To evaluate the agreement in ocular biometry outcomes measured by three different devices, the IOL Master 500, IOL Master 700, and Lenstar LS900, and compare the refractive outcomes after cataract surgery obtained using those three devices.

Methods

Medical records of 178 eyes of 89 patients who underwent ocular biometry with the three devices were retrospectively reviewed, and 124 eyes met the inclusion criteria. Paired comparisons were performed for axial length (AL), mean keratometry (Km), and anterior chamber depth and quantified their agreement using Bland-Altman plots. Subgroup analyses were done according to the AL and the Km. Refractive outcomes were compared with respect to absolute prediction errors after cataract surgery in 54 eyes.

Results

Among 124 eyes, 12, 3, and 5 eyes failed to be measured of AL by IOL Master 500, IOL Master 700 and Lenstar LS900, respectively. The AL measured by Lenstar LS900 was longer than that measured by IOL Master 500 and IOL Master 700 (p < 0.001, p = 0.002, respectively). Subgroup analysis revealed that these results were statistically significant only in long eyes (AL >25.5 mm). Km measured using the IOL Master 500 was steeper than that measured with the IOL Master 700 or Lenstar LS900 (p = 0.001, p < 0.001, respectively). anterior chamber depth measured by IOL Master 500 was shallower than that measured by IOL Master 700 or Lenstar LS900 (p < 0.001, p < 0.001, respectively). Ocular biometry measurements by the three devices showed high agreement with narrow 95% limits of agreement.
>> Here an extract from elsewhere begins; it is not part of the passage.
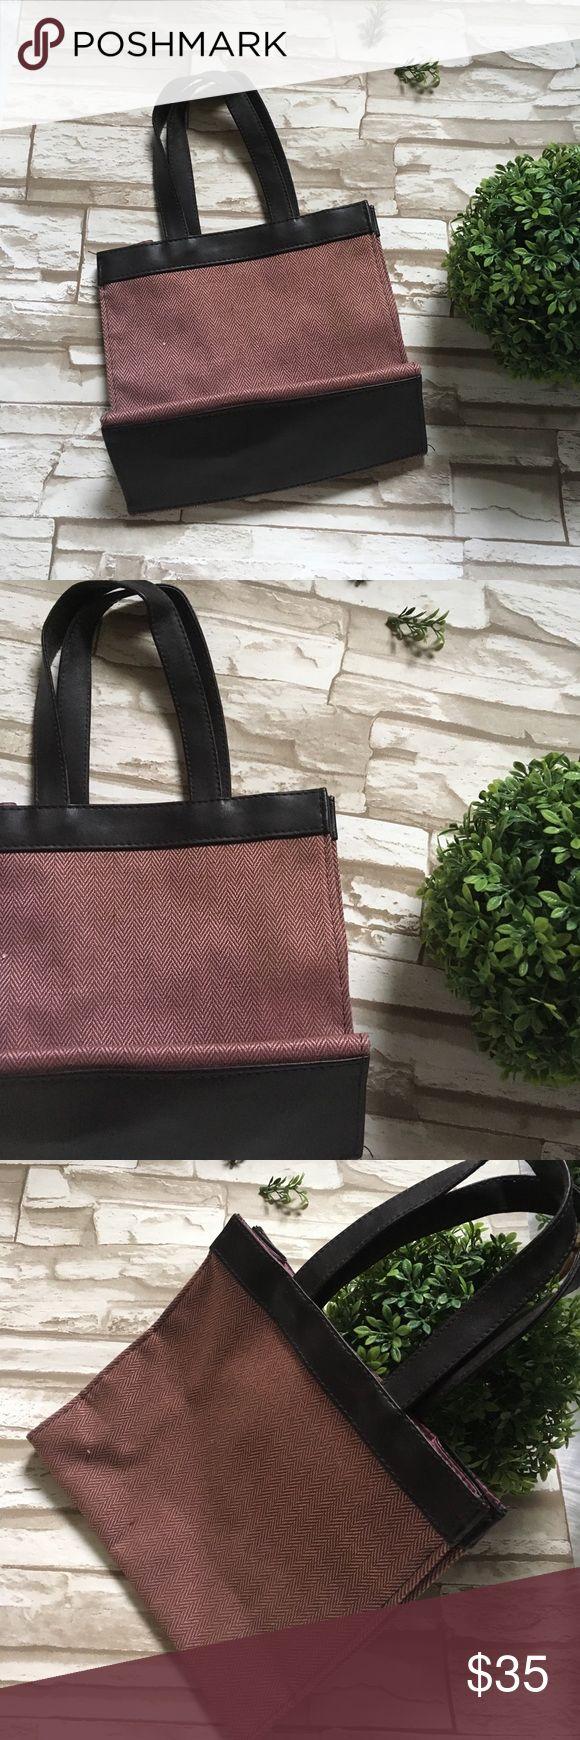 🆑SALE, Estée Lauder Mini Bag Condition: Excellent Used Condition, Made In China 🇨🇳, Bundle 3+ & Get 10% Off! Thx, Happy Poshing Estee Lauder Bags Mini Bags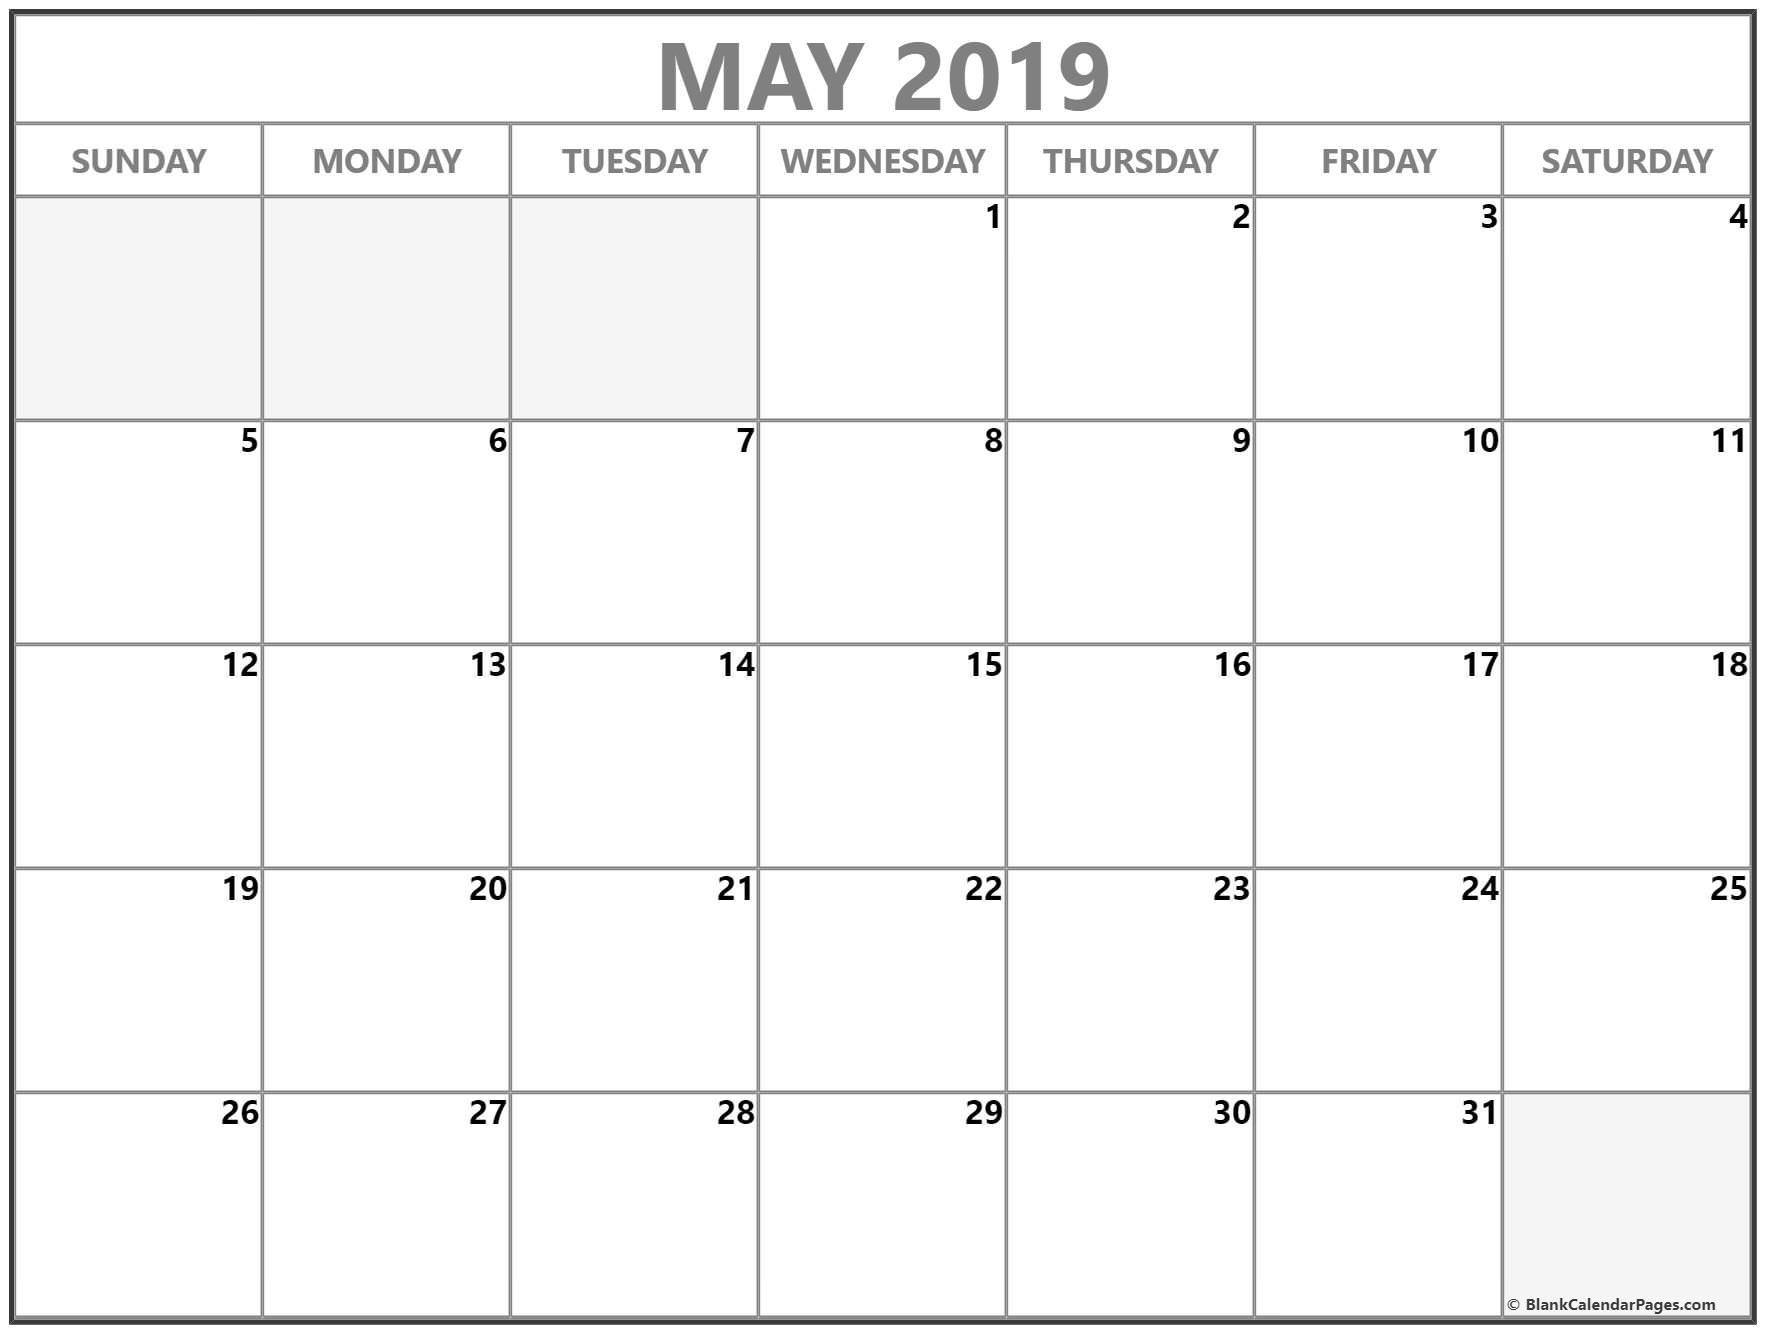 May 2019 Blank Calendar Templates. | Blank Calendar Template, Calendar Printables, Monthly-Free Fillable Calendars 2021

Absolute prediction errors from the 3 devices showed no statistically significant differences after cataract surgery.

Conclusions

The IOL Master 700 and Lenstar LS900 demonstrated superior acquisition rates of biometric measurements compared with the IOL Master 500. Ocular biometry using the 3 different devices showed high agreement, although statistically significant differences were observed; however, since there was no difference in predicting the refractive outcomes, those differences are clinically negligible.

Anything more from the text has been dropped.